» **Recorded information**:
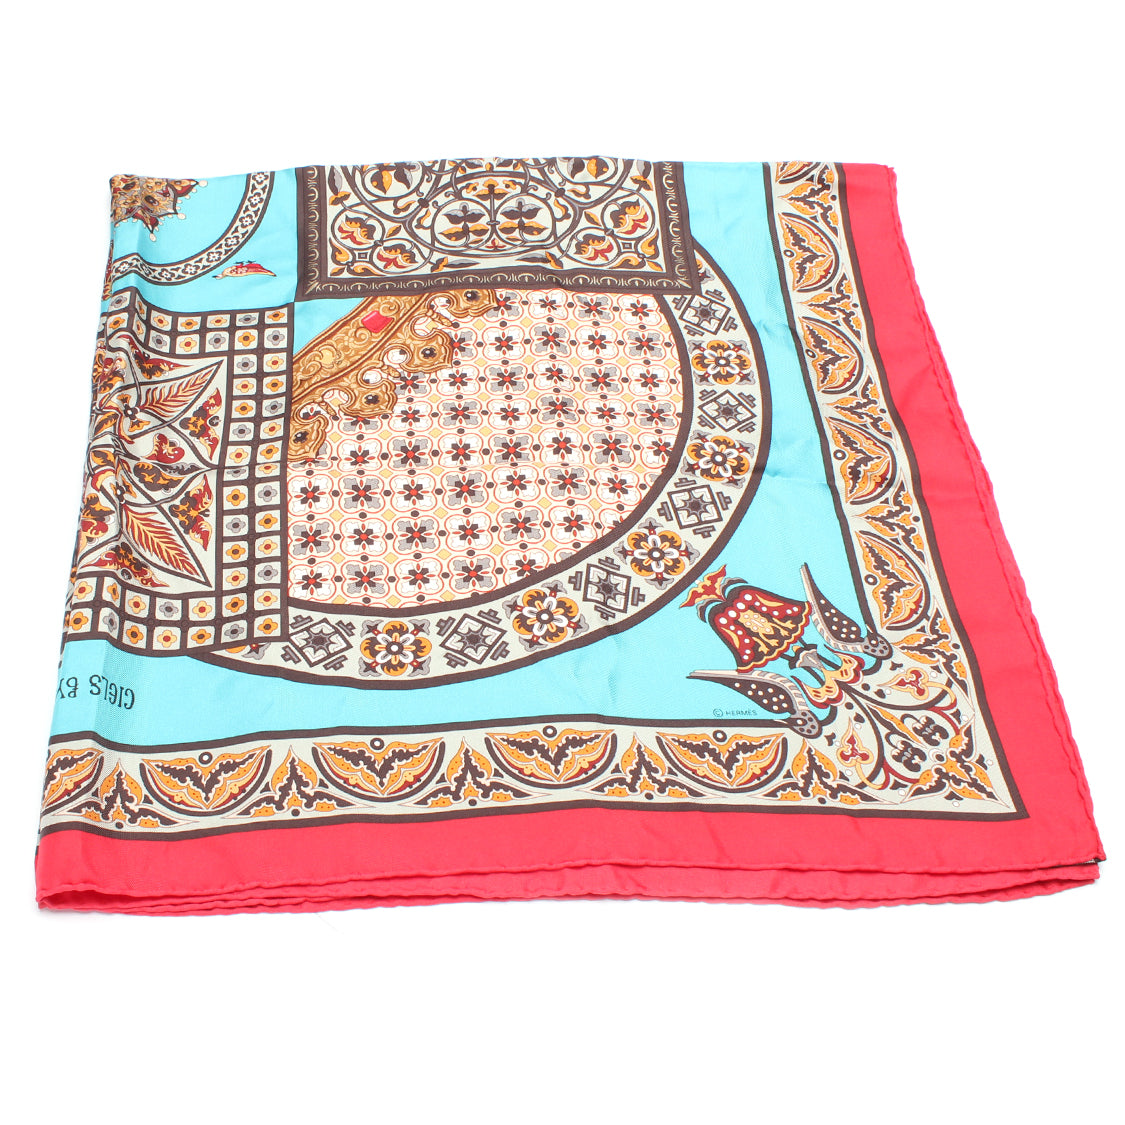 Hermes Ciels Byzantins Scarf Cotton Scarf in Excellent condition
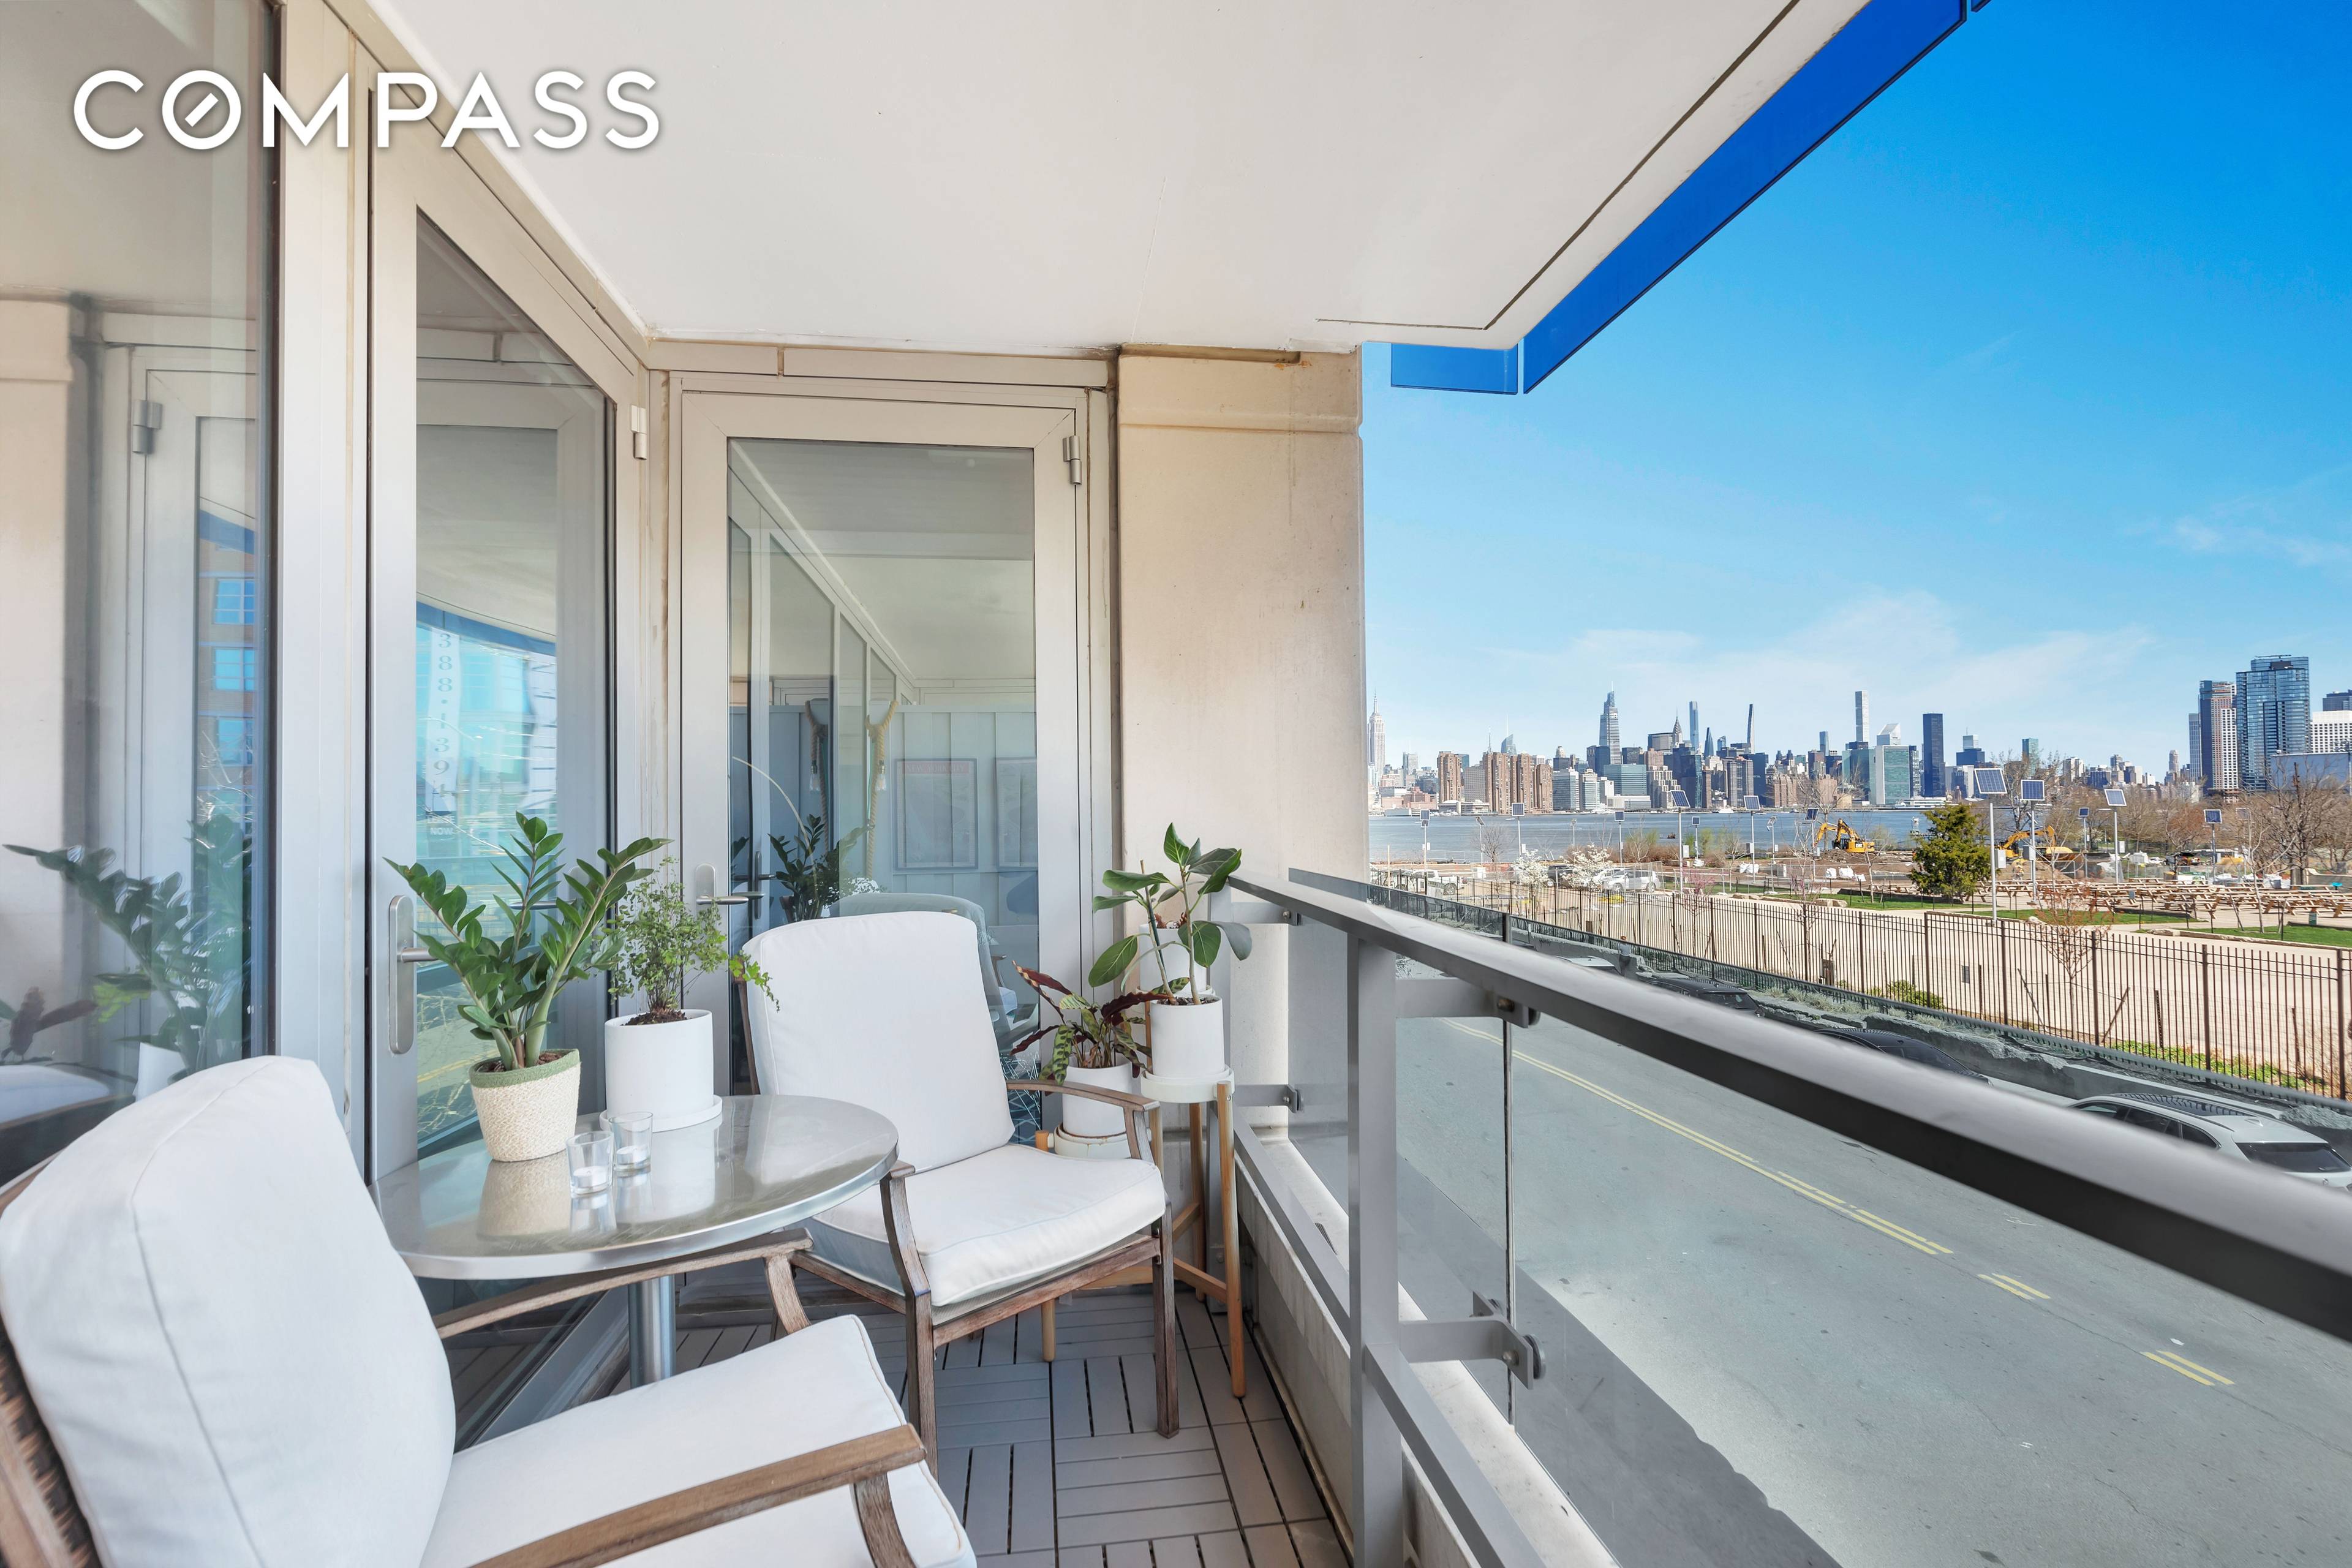 The Edge Condominium Recently Featured on Pix11 s Design Recipes Williamsburg s Premier Condo The EDGE Beautiful 2BD 1BA with Private Balcony, River and City Views, Expansive Layout, Chef s ...
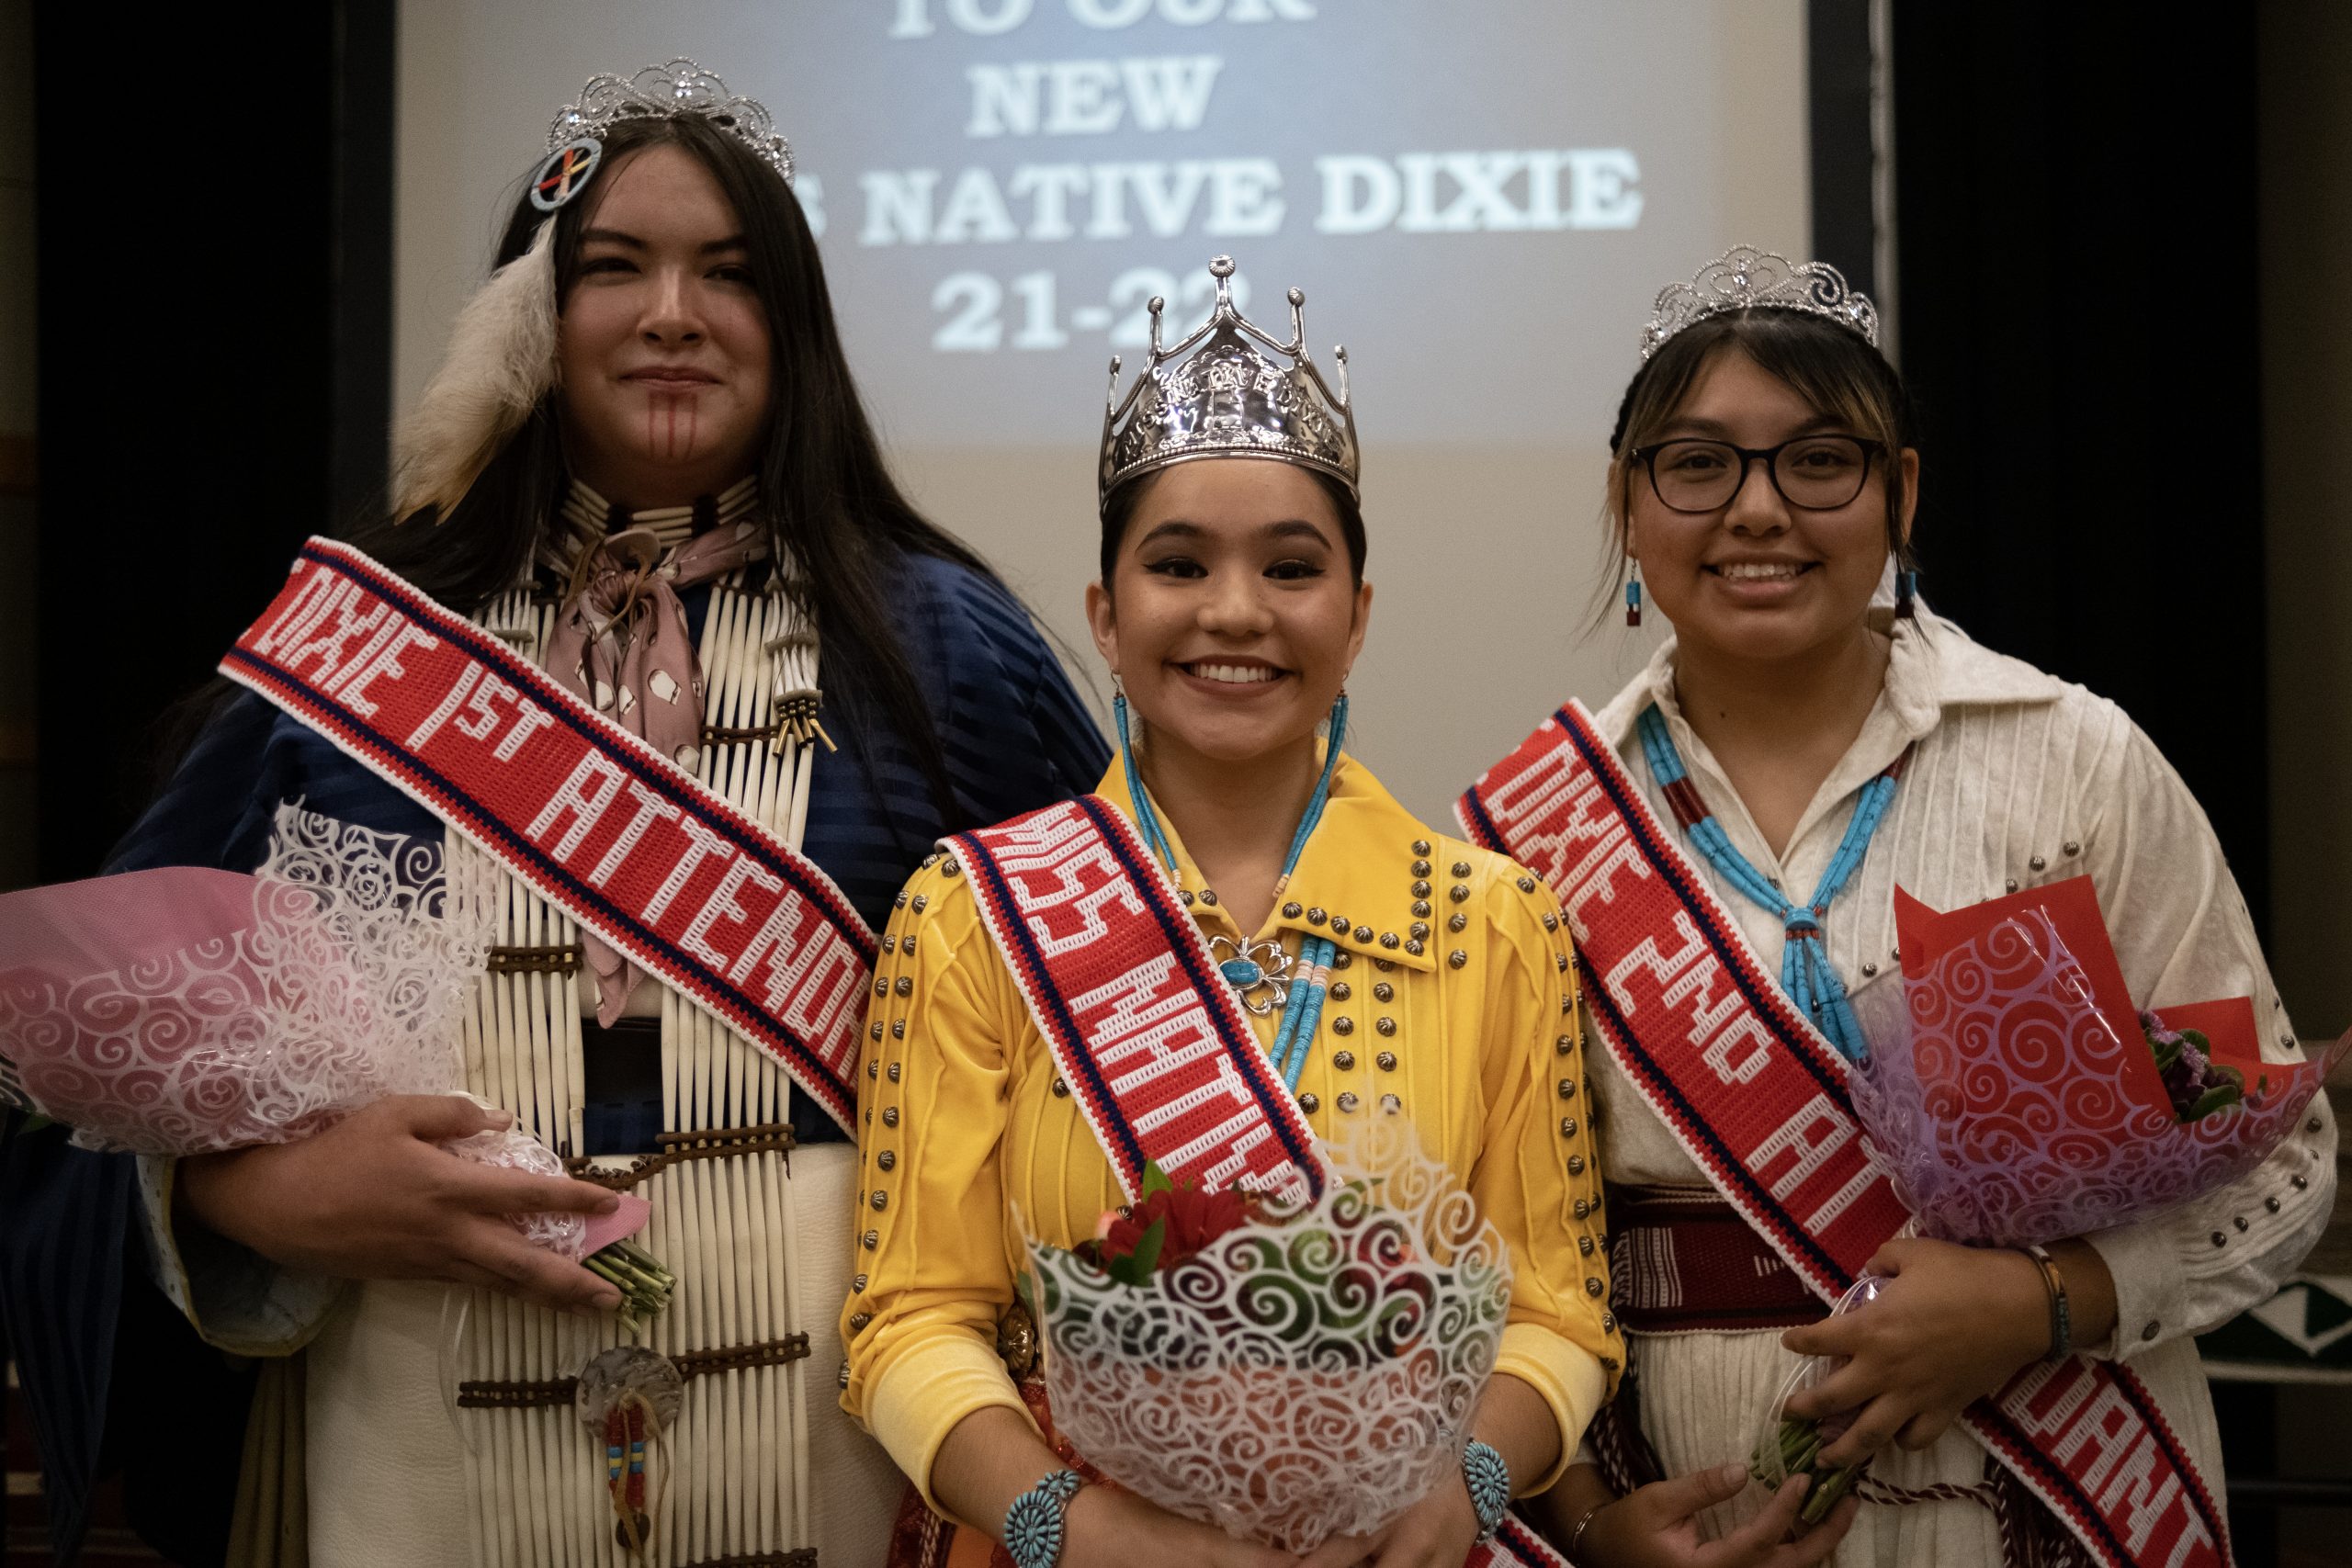 Welcoming the new Miss Native Dixie State University

» **What needs to be done**:
Output all of the data exactly as it stands, minus any images.

» **Completed exercise**:
 Hermes Ciels Byzantins Scarf Cotton Scarf in Excellent condition
 The Edge Condominium Recently Featured on Pix11 s Design Recipes Williamsburg s Premier Condo The EDGE Beautiful 2BD 1BA with Private Balcony, River and City Views, Expansive Layout, Chef s ...
 Welcoming the new Miss Native Dixie State University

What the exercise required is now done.